Но сейчас, из-за «зубной боли» Елены, и из-за этого полуночного, экстренно предоставленного ей убежища, из-за сбитого – сдвинувшегося с обычных орбит – бытия, высвободившего простор застращанной душе, Ривка с какой-то испуганной готовностью переквалифицировалась в еврейскую Арину Родионовну:
– Мы играли там на ступеньках кинотеатра «Колизей», это я хорошо помню. А еще, помню, у меня была няня. Няня ходила в церковь – там же, на Чистых прудах, совсем близко от «Колизея», – и с собой меня на прогулке каждый раз в церковь брала. Я возвращалась домой, а дома вся семья вечером становилась на еврейскую молитву – а я вставала на колени, и молилась! Как в церкви. Как же надо мной вся семья смеялась! Я маленькая еще была, лет семь – ничего не понимала – почему они надо мной смеются… Дай-ка мне чайник с плиты, пожалуйста… Я разбавлю себе… Я такой крепкий не могу…
– Ривка Марковна, а вы помните хоть какие-нибудь молитвы на иврите? – зажглась от внезапно зазвучавшей в Ривкиной судьбе диковинки Елена, передавая чайник – не вставая, сидя – потому что в кухне и одному-то человеку было тесно, а сейчас провернуться уже не было и вовсе никакого шанса – а в битве за место под солнцем с завсегдатаем кухни алоэ она бы явно пала смертью храбрых.
– Нет, девочка, ни слова не помню. Хотя родители знали молитвы прекрасно и каждый день читали. А я и сейчас в этом ничего не понимаю, как и тогда в детстве. Только, помню, когда что-нибудь разбивалось, мама всегда говорила: «Капора!»
– Капора… Смешно… А что это значит?
– Не знаю, девочка. Но я всегда так говорю. Маму вспоминаю. Я же у нее поздним и единственным ребенком была. Я была… Не смейся надо мной только… Я была вымоленным ребенком.
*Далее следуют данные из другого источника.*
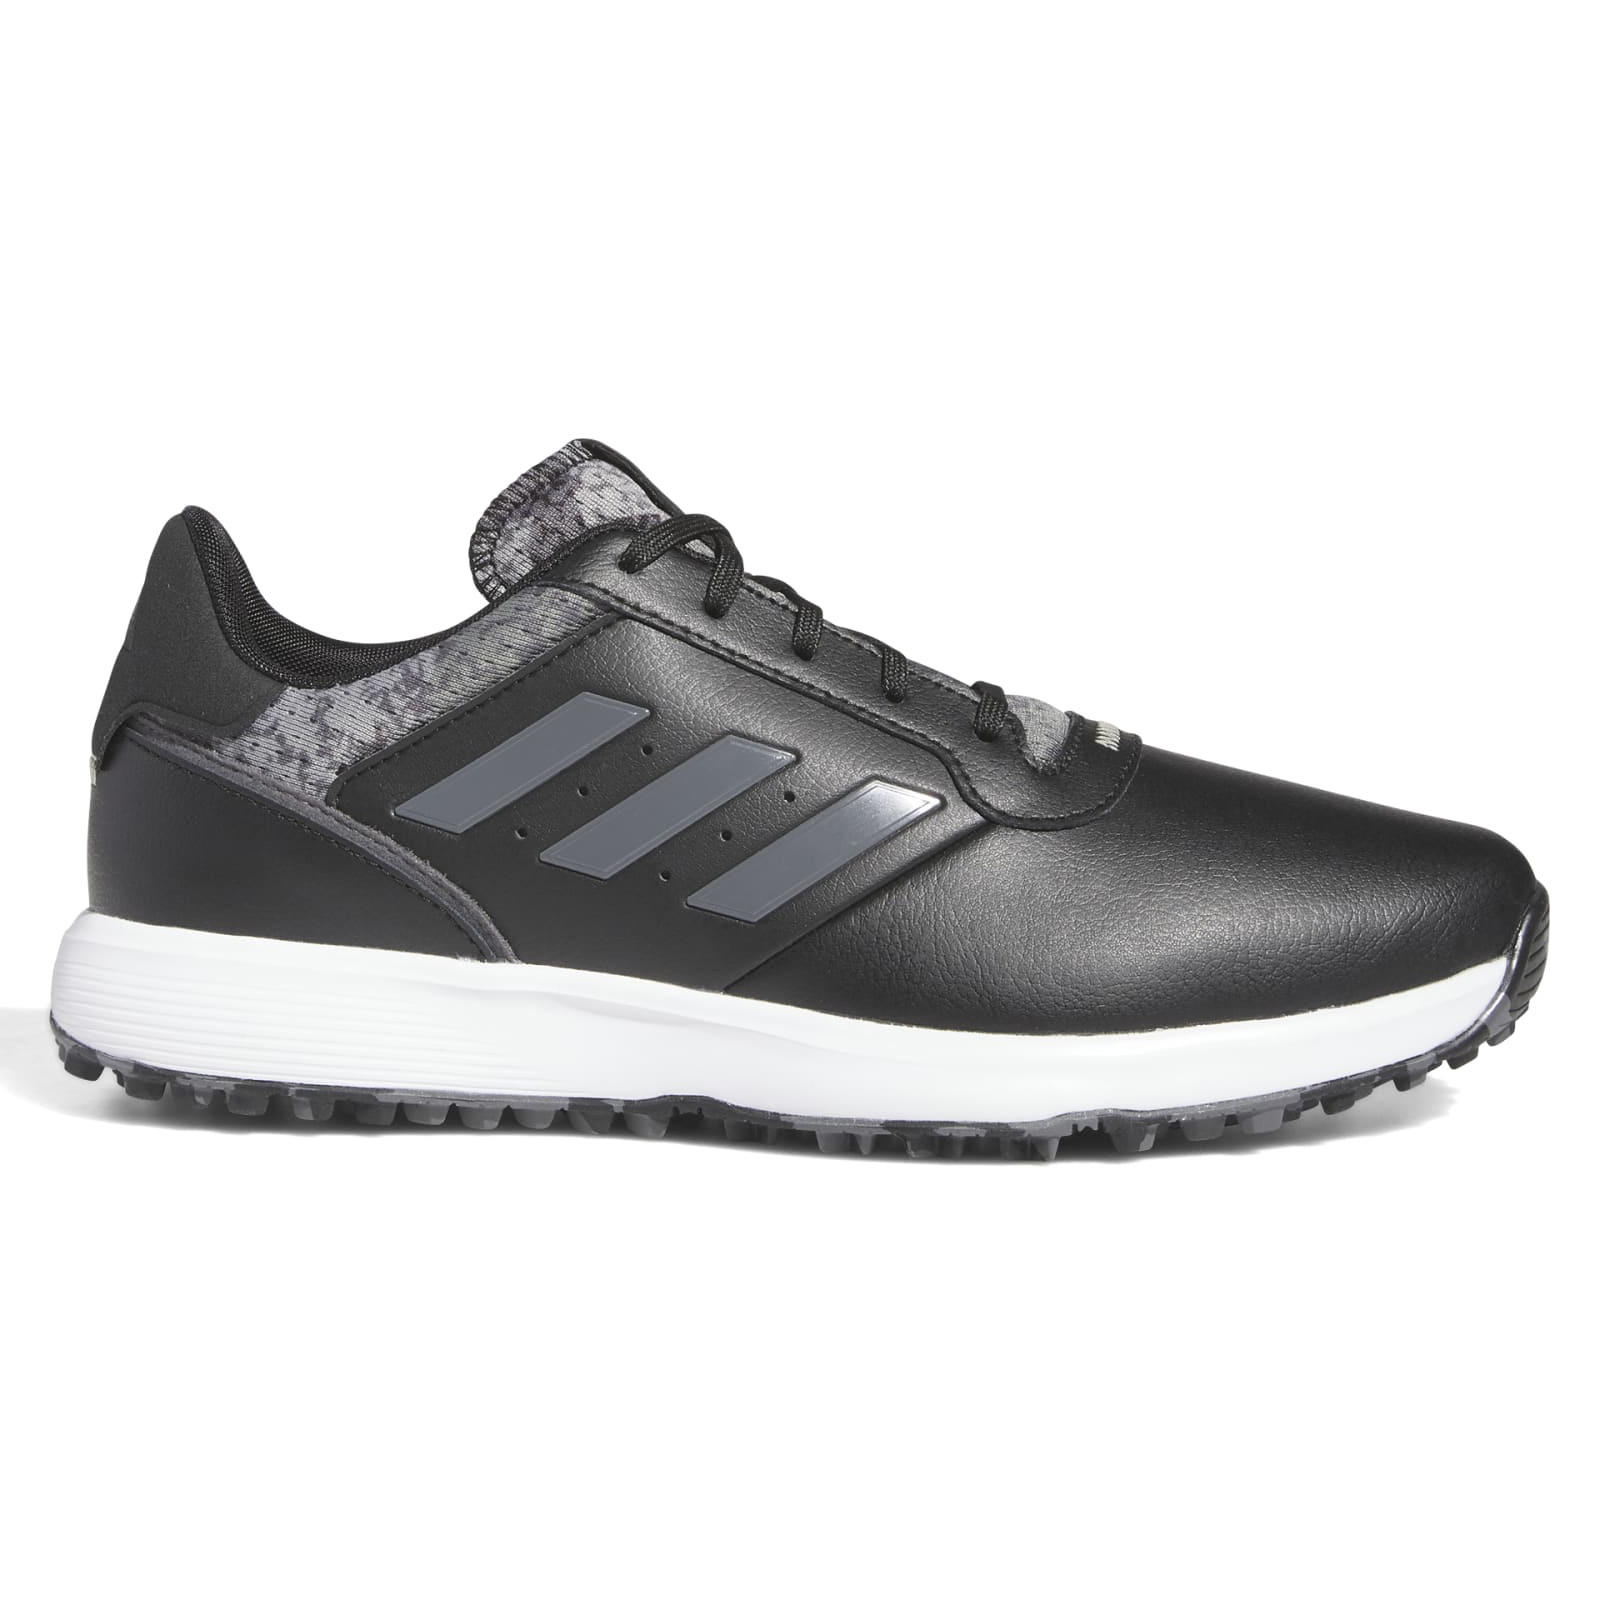 adidas S2G SL 23 Mens Spikeless Golf Shoes  - Core Black/Grey Five/Silver Pebble

И из-за меня мама и не уехала в Палестину… Отщипни-ка мяты там вон, справа за алоэ… Да нет, вот там, в самом уголке – там мята растет… Видишь? Кинь себе в чай пару листочков – зубы пройдут.
– Что значит – из-за вас не уехали? – Елена уже ни за какой мятой не потянулась, а завороженно слушала.
– Да так вот… Сначала была первая мировая, потом все эти волнения, потом революция – вся огромная семья уже почти уехала: было как-то понятно, что здесь им не выжить. А мама из-за всех этих событий вокруг очень нервничала… И никак не могла забеременеть. И они с отцом очень сильно молились о ребенке. А все было готово к отъезду. И вдруг оказалось, что мама беременна. И мама отказалась ехать – именно из-за того, что это был вымоленный ребенок: мама побоялась пускаться в путешествие, побоялась что потеряет ребенка – это было бы для нее страшное богохульство. И мамины родители уже уехали в Палестину, с тем, что мама, как только родит ребенка, вместе с ребенком и мужем отправится за ними. И родилась я. А уехать из страны уже так и не смогли.